Do the fellowship. Chief resident is, for the most part, is a waste of time as far as experience goes, it might help add some flourish to you CV if you want to do some leadership stuff later or if you want to do a more competitive fellowship and your application is weak (even then, it is debatable how helpful it will be or not.
In a fellowship, your clinical skills are not going to be dulled to the same degree as they might on the 4th year of chief responsibilities (this is, after all, a glorified secretary). It can open some doors as well for you to have a palliative care fellowship, a geriatrics (population will only get older as time goes by), sleep medicine, etc.
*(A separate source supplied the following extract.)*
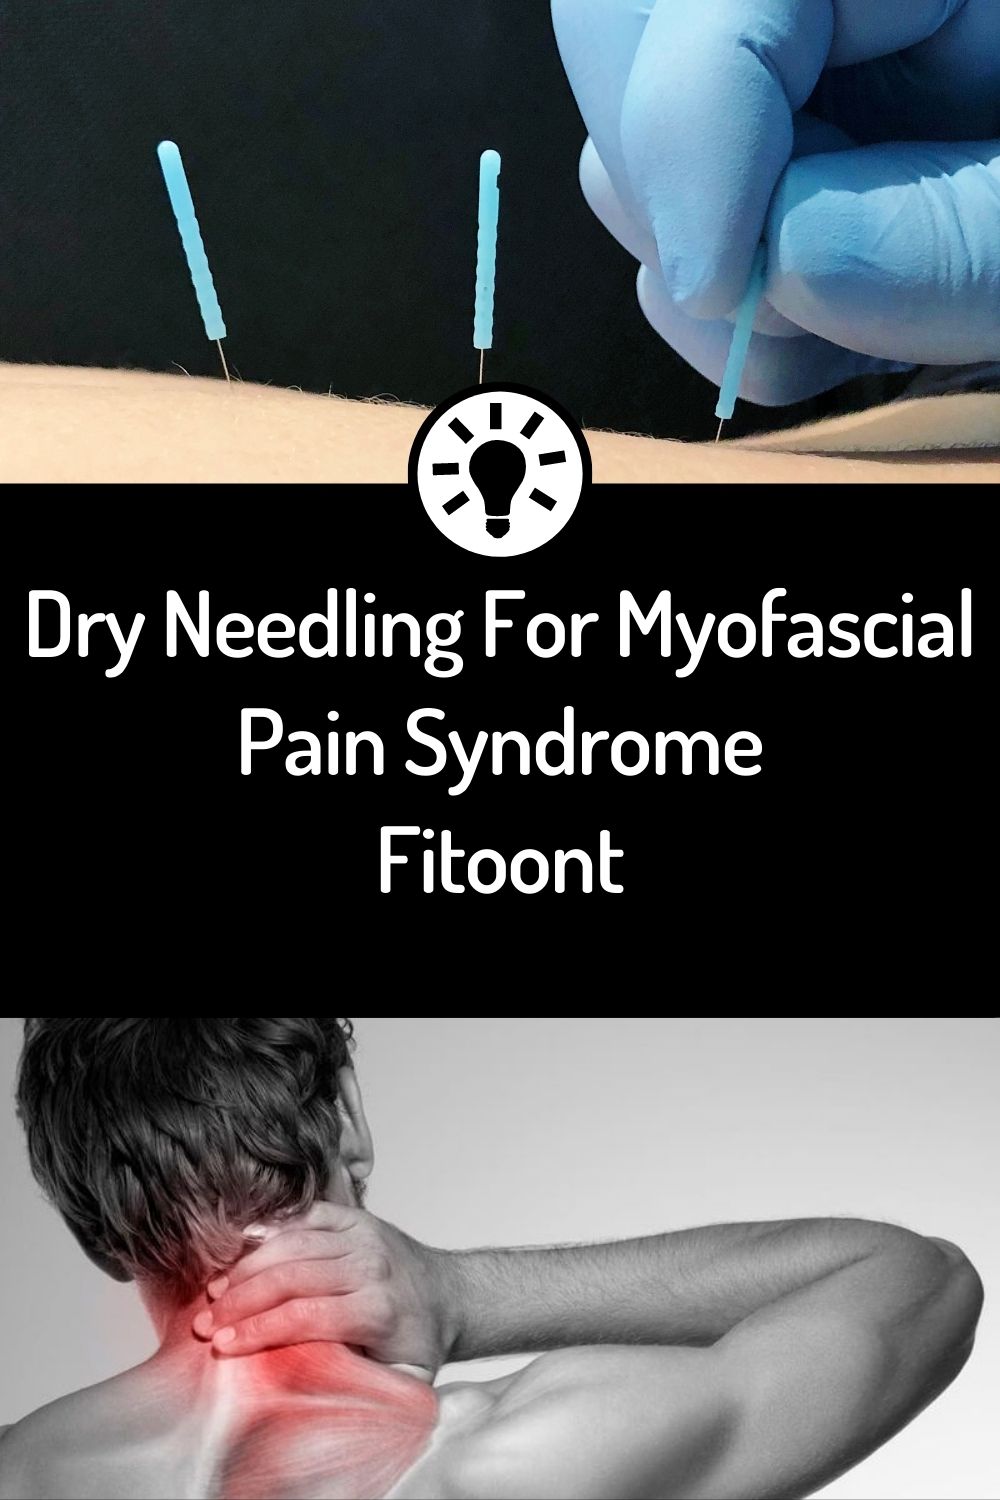 dry needling dry needling, dry needles dry needles, myofascial pain syndrome myofascial pain syndrome, myofascial trigger points myofascial trigger points, trigger points trigger points

Even people that wish to go into more competitive specialties might end up being better off with another fellowship than with a 4th year of chief. I have no first hand experience on this but I'd take a wild guess that two applicants that are otherwise similar in stats, the one with palliative 1year fellowship has better chances to get into cards than the one with 4th year chief. You can sell your experience dealing patients with terminal diseases (such as advanced cardiomyopathy) as an integration of your pre-existing skills (as a palliative expert, or even as a geriatrics) better than someone else can sell their amazing abilities to schedule 20 residents.
Well that's my opinion anyway, I am sure a bunch of people will get offended by my not so high opinion of chief years, I am sure there are specific cases where it makes sense (in fact one of my collagues did it and it was the best choice at the time in my opinion) but on average, I think it is a waste of time.